Rane stared beyond Beeman into the twilight fuzzing the tree branches together across the broad lawn. Someone had been here and cleaned the dead catfish out of the pond.

Beeman circled a finger next to his ear. “She explained what’s been bugging me about you. How it was you I talked to on the phone last Saturday. When I met you I had your voice going round in the back of my head and couldn’t pin it down.”

“She told you about Molly,” Rane said.

“Uh-huh. It seems you didn’t have any problem with getting
started
on the father part; the screwing-the-woman part. Now, you going to tell how wearing a dead man’s clothes is gonna help you figure out the rest?” Beeman asked.

“Maybe I need to learn what he went through down here,” Rane said quietly.

“What? Researching getting shot?”

Rane shrugged. “I don’t know for sure.”

“I believe that. From what I’ve seen so far, you’ve got all these snappy skills and you’re lost, ain’t you John? You don’t know where you’re at.” Beeman shook his head. “You got this veil between you and life, like a widow.”

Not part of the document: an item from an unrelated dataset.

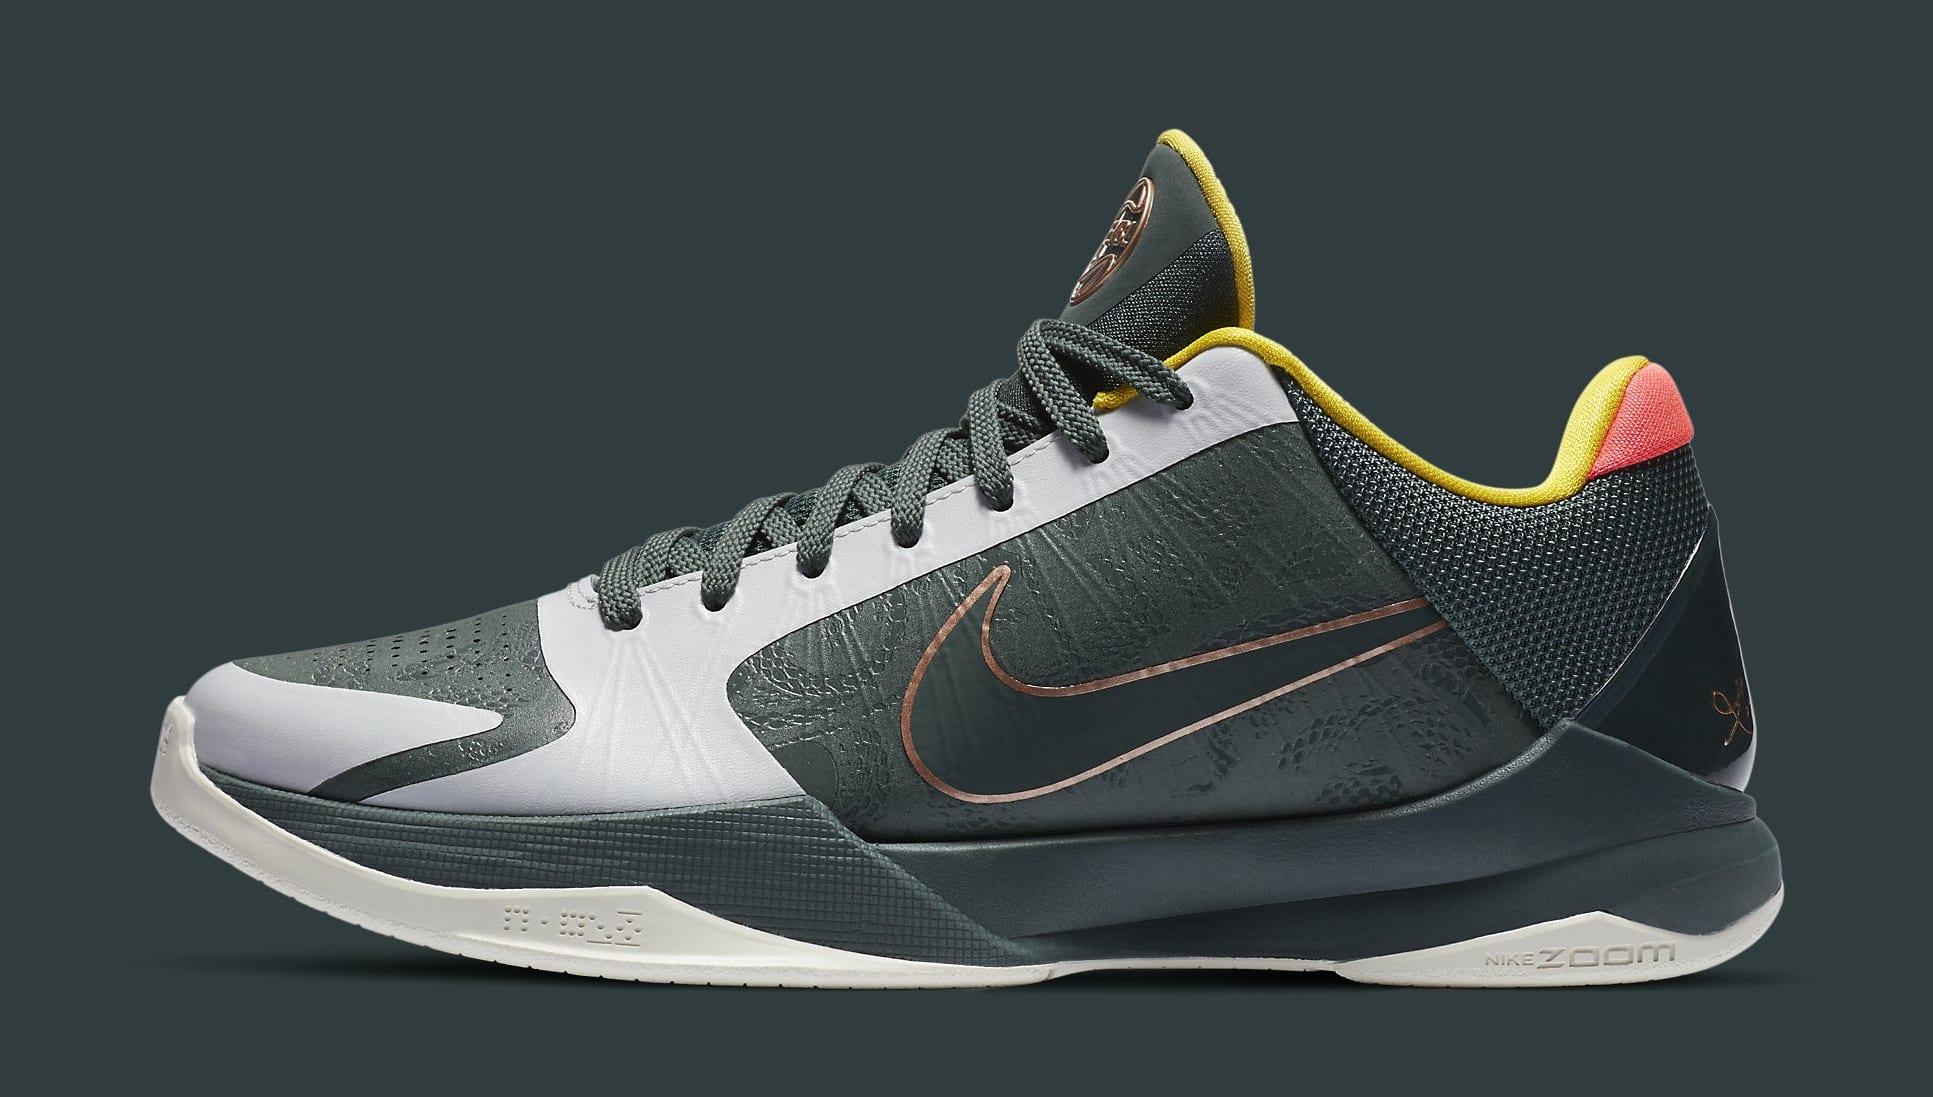 Nike Kobe 5 Protro 'EYBL' CD4991-300 Lateral

Rane drained his beer, dropped his cigarette into the empty bottle, and stood up. “Okay, so now what?” he asked.

“Finish what we started. Go to Shiloh. Be worth getting shot at to see if you’ll actually take a picture,” Beeman said.

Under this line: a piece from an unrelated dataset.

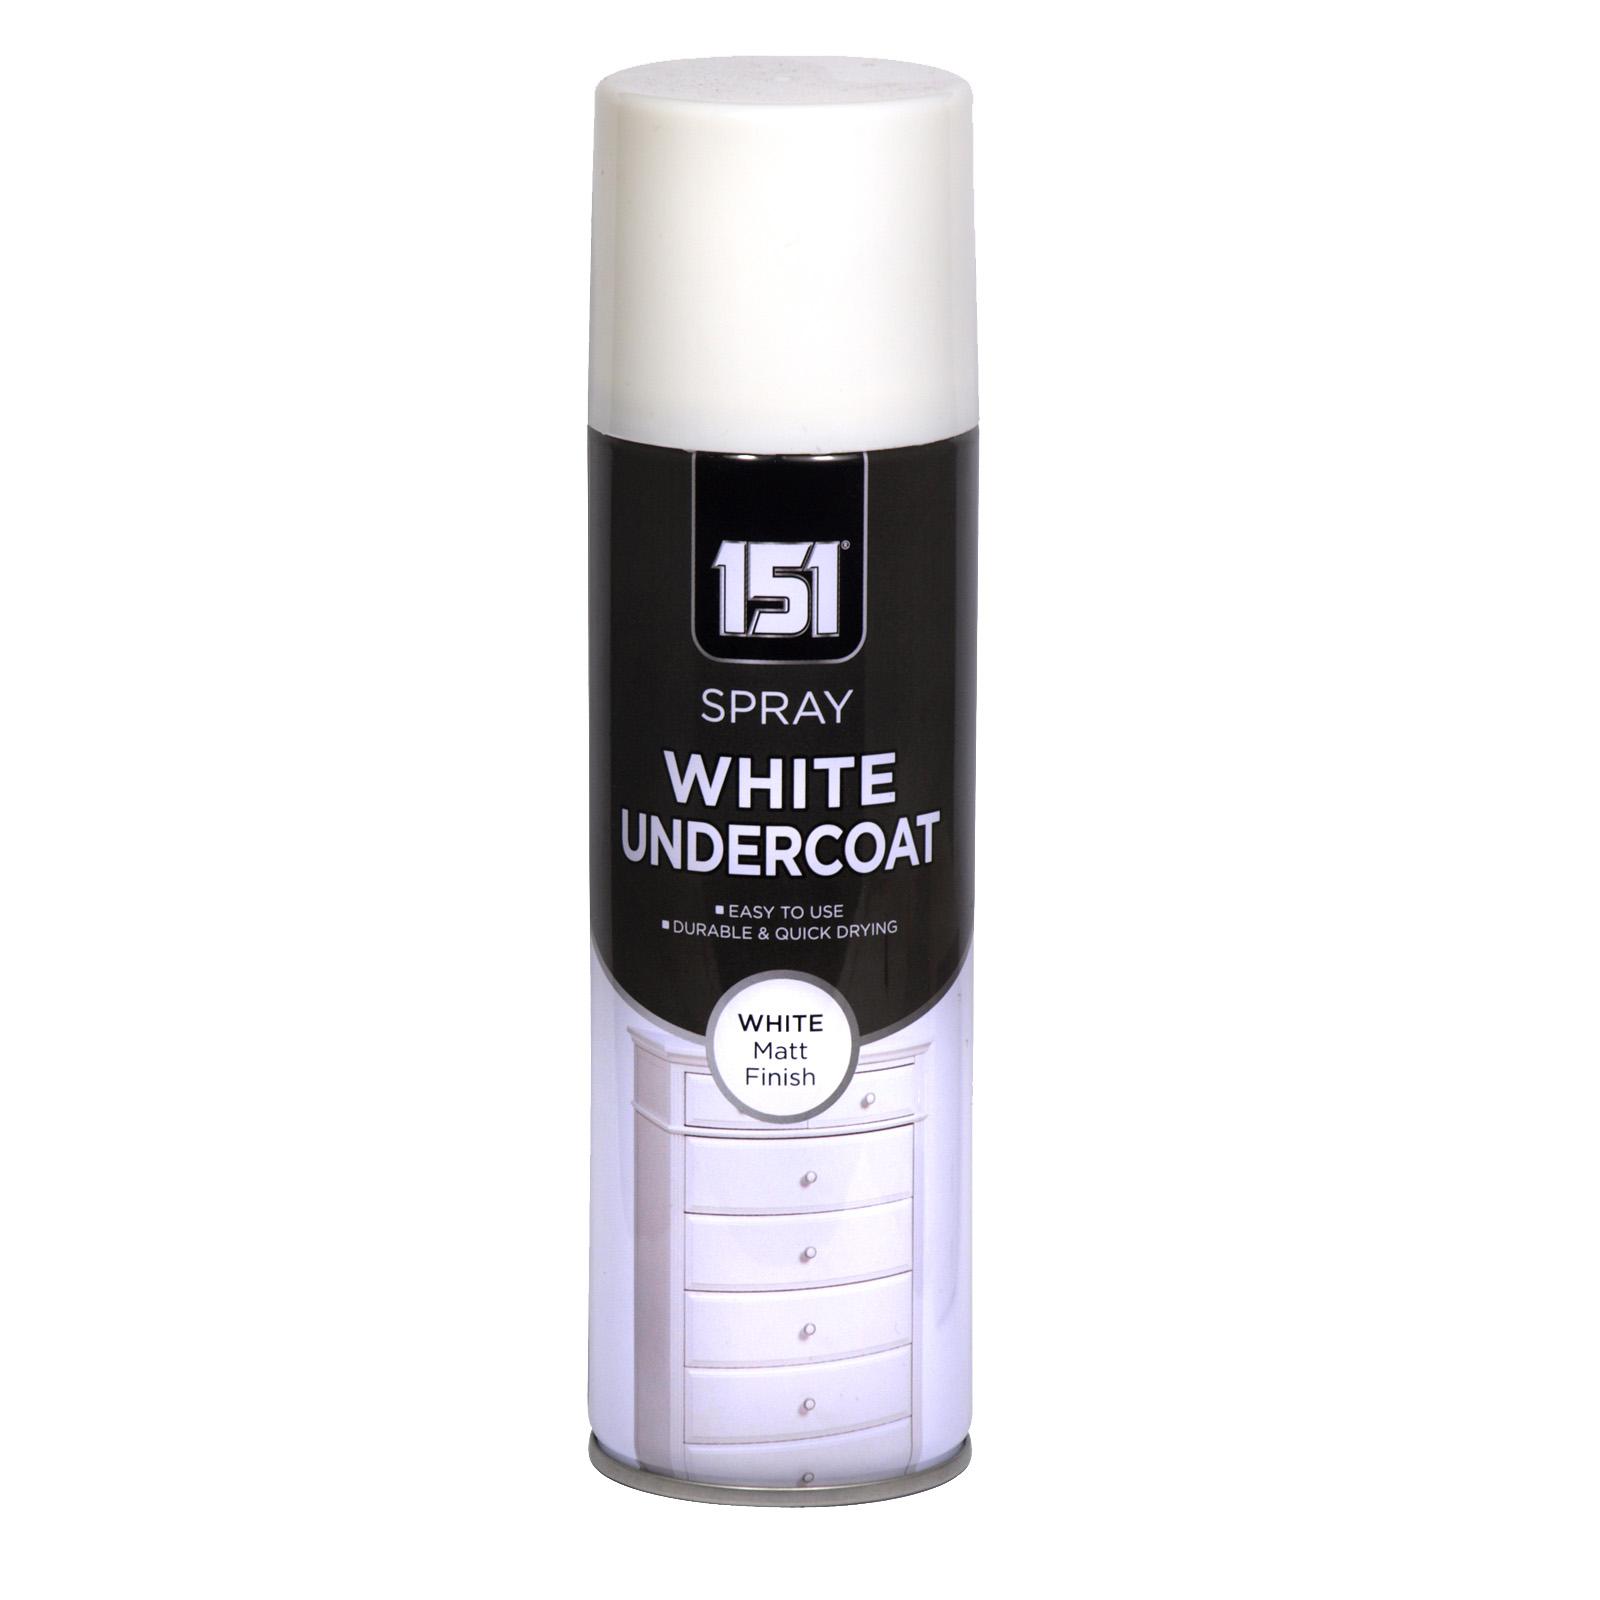 151 SPRAY PAINT 250ML WHITE UNDERCOAT

“You’re a tricky guy,” Rane said.

“Takes one to know one, huh?” Beeman said.

After an interval of silence, Rane said, “You’ve seen
High Noon
one too many times, Beeman. You want to fight a duel with this Nickels.”

“And what about you?” Beeman asked.

Rane ignored the question. “Look, I’m beat. All the driving. Getting thumped on today. I’m going to turn in.” He left Beeman sitting on his deck, smoking his pipe, and staring into the gathering dark, patiently dissecting the motives of Mitchell Lee Nickels. And John Rane.

He walked through the kitchen, noting that the ring was still twinkling on the kitchen table, went down the stairs, padded across the den under the gaze of Beeman’s ancestors, carried his travel kit to the bath, brushed his teeth, and got ready for bed.

Moments later, lights out, lying between clean sheets on the single mattress, he raised a hand and explored the darkness. A veil, he thought. Then, exhausted, he fell asleep to a faint rumble of thunder.